**DIRECTIONS**
Look for the word "Home" in the entries and copy each line where it appears.

**INFORMATION PROVIDED**
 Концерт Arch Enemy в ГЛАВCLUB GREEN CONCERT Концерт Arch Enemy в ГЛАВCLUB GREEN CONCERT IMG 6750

---

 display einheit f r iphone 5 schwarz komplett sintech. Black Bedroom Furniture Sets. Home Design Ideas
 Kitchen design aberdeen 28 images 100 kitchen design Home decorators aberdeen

**EXPECTED OUTPUT**
 display einheit f r iphone 5 schwarz komplett sintech. Black Bedroom Furniture Sets. Home Design Ideas
 Kitchen design aberdeen 28 images 100 kitchen design Home decorators aberdeen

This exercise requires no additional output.